Happy birthday, genome

This summer will mark ten years since scientists sequenced the human genome. What have we gained from knowing those 3 billion base pairs?

By Virginia Hughes
31 March 2010 | 2 min read

This article is more than five years old.

Neuroscience—and science in general—is constantly evolving, so older articles may contain information or theories that have been reevaluated since their original publication date.

This June marks ten years since two independent teams of geneticists unveiled the first draft of the human genome.

After years of bitter rivalry, Francis Collins, then the director of the US National Human Genome Research Institute, and Craig Venter together made the announcement from the East Room of the White House.

Then-president Bill Clinton predicted that the feat, which cost billions of dollars and took more than a decade, would “revolutionize the diagnosis, prevention and treatment of most, if not all, human diseases.”

We’re clearly not there yet. So what exactly have we gained from knowing the sequence of 3 billion base pairs?

Collins, Venter and two heavyweights in cancer genetics — Robert Weinberg and Todd Golub  — each tackle that question in editorials published today in Nature.

Collins, now head of the National Institutes of Health, writes that although the decoding of the genome has led to many scientific advances — notably, a better understanding of how species, including humans, evolve — its progress in the clinic has been much more modest. Genetic tests can predict, for example, whether someone will develop certain types of breast cancers, or respond well to hepatitis C treatment. But studies comparing genomes of sick and healthy people have failed to find genetic causes for common diseases.

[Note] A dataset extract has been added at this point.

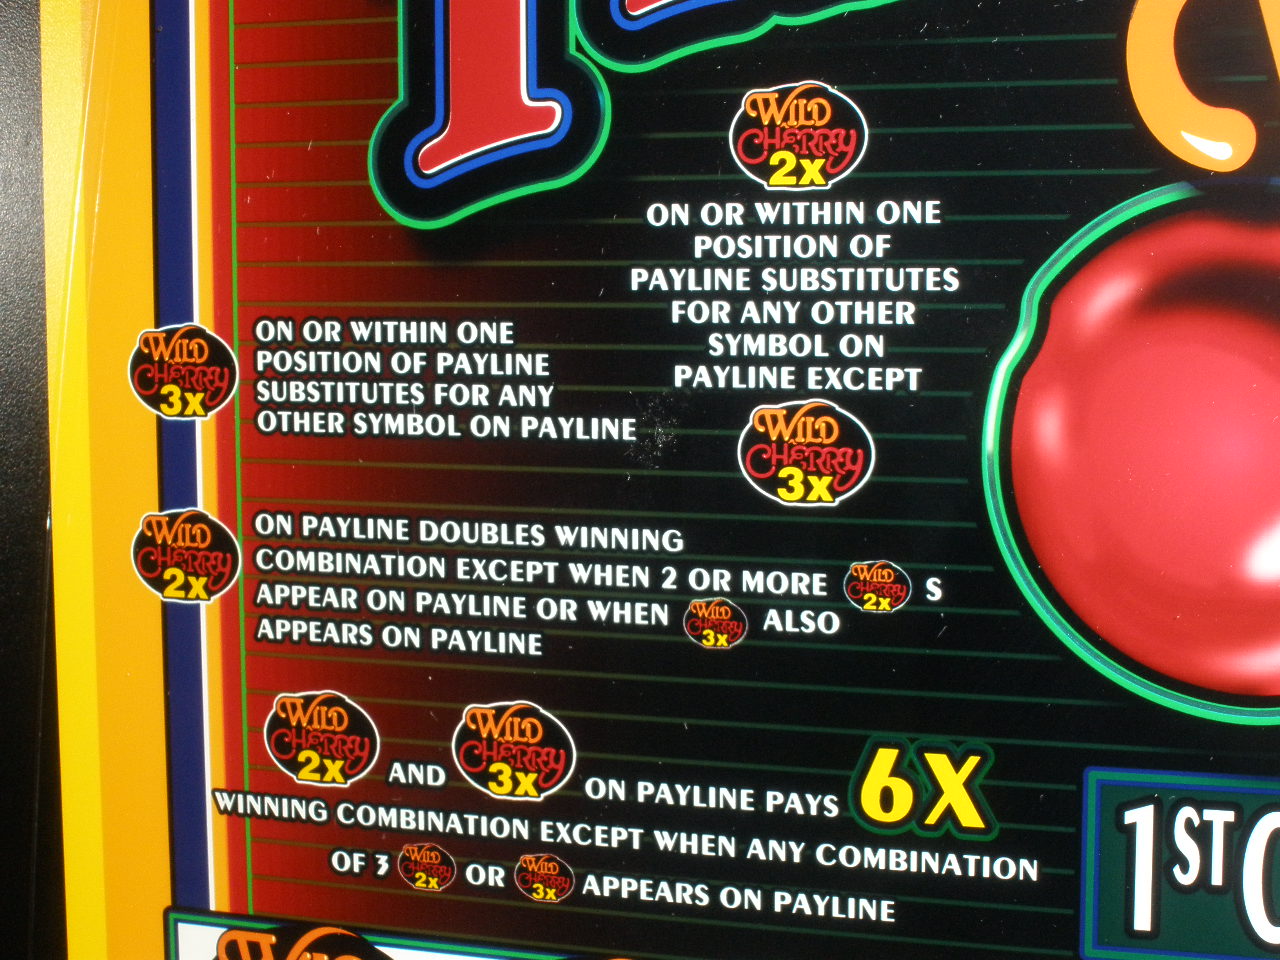 Double Wild Cherry Slot Machine
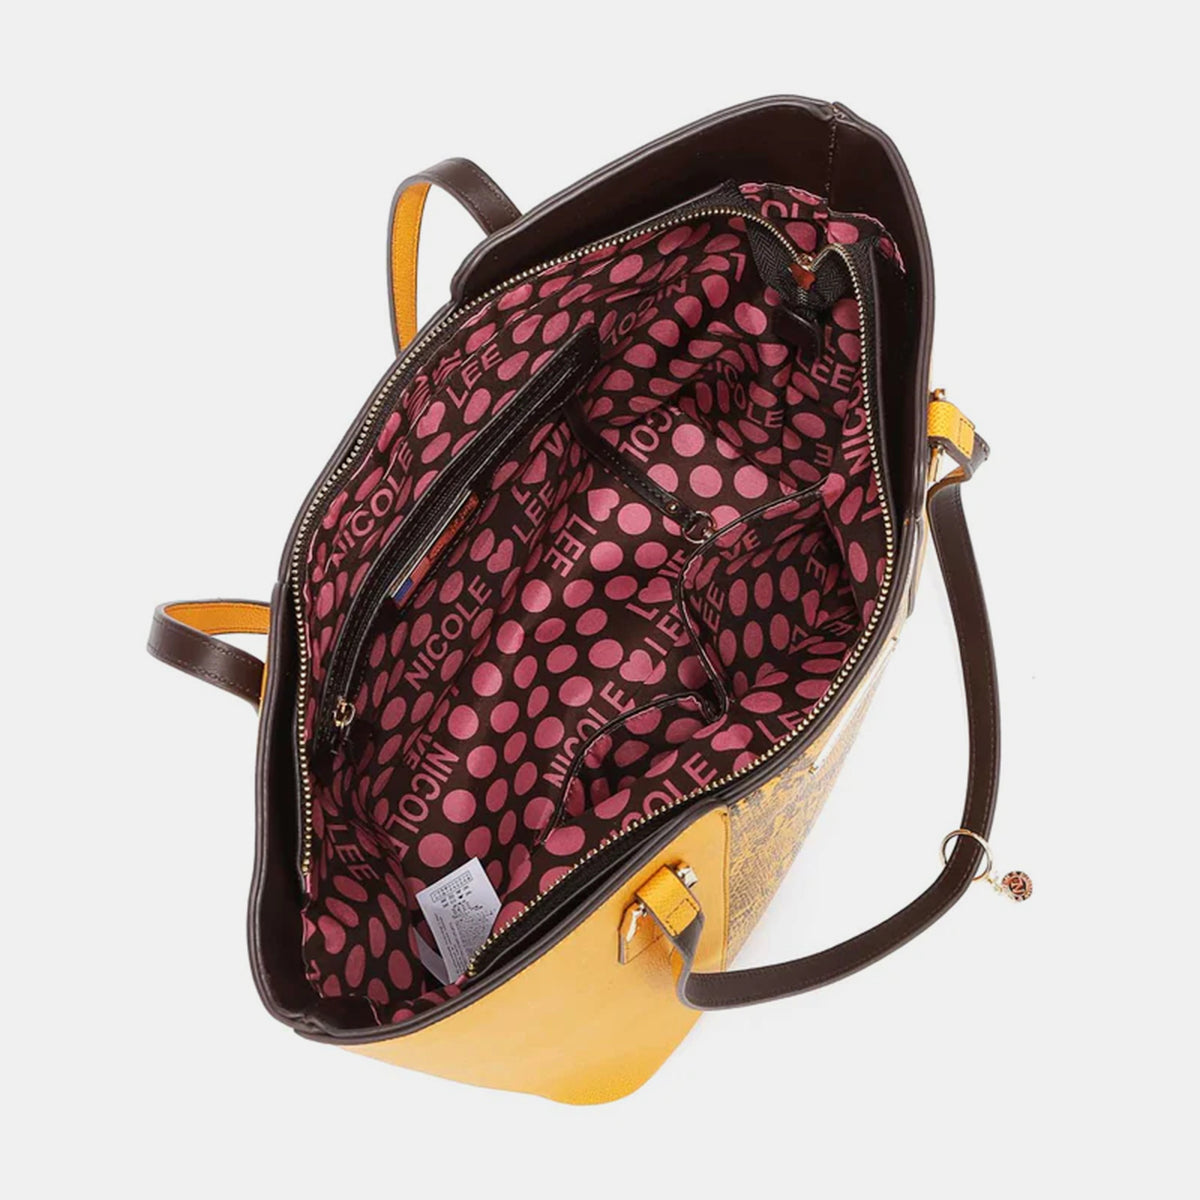 Nicole Lee USA 3-Piece Snake Print Handbag Set - TiffanyzKlozet

Venter’s view of clinical genetics is similarly sobering. He points out that although human genome sequencing costs continue to plummet — from $300 million in 2003 to less than $5,000 today — researchers don’t know how to interpret most of that glut of data. The key, Venter says, is to match an individual’s genomic readout with rigorously characterized clinical symptoms, family medical histories and lifetime environmental exposures.

Autism researchers are just beginning to think about sequencing the entire genome — or even the protein-coding part, called the exome — of individuals with the disorder. The decoded genome may very well hold answers to the mysteries of autism — but only if we can figure out how to interpret it.